- Supplied information -
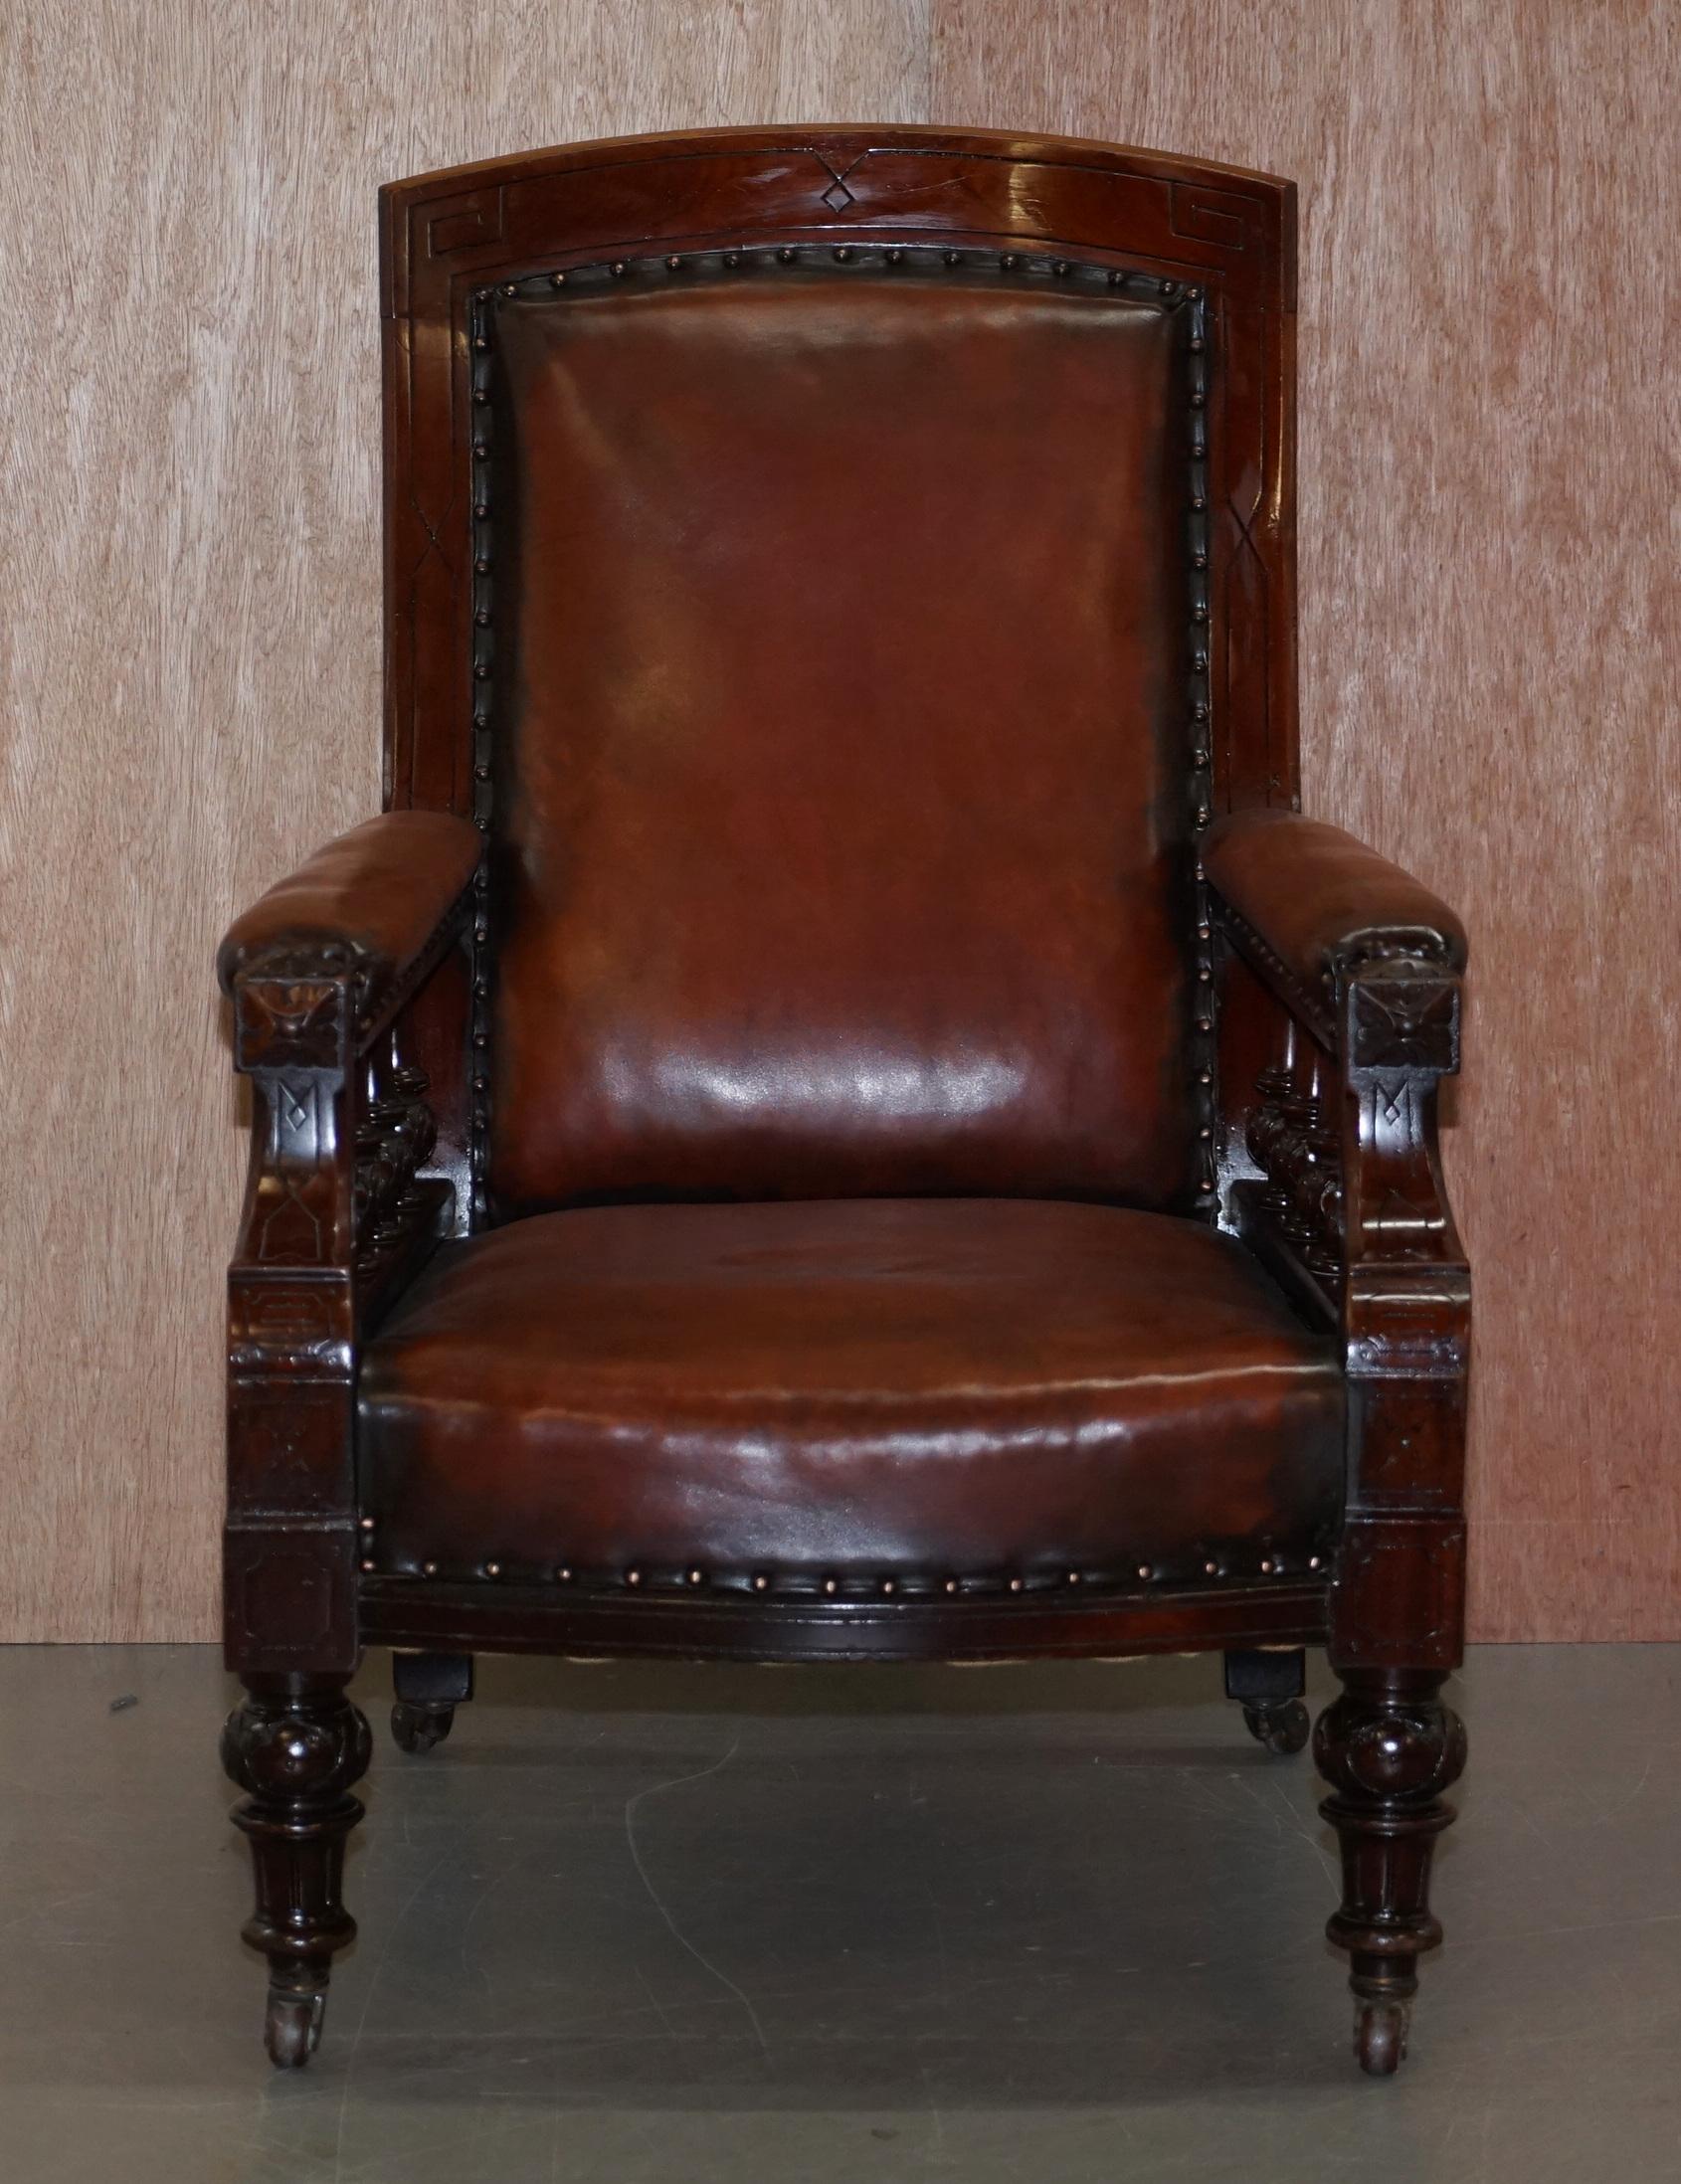 Wimbledon-Furniture

Wimbledon-Furniture is delighted to offer for sale this lovely fully restored early Victorian mahogany carved library reading armchair with hand dyed brown leather upholstery 

Please note the delivery fee listed is just a

- Instructions for the task -
A word-for-word copy of the listing is needed. It must not include the pictures.

- Problem solution -
 Wimbledon-Furniture

Wimbledon-Furniture is delighted to offer for sale this lovely fully restored early Victorian mahogany carved library reading armchair with hand dyed brown leather upholstery 

Please note the delivery fee listed is just a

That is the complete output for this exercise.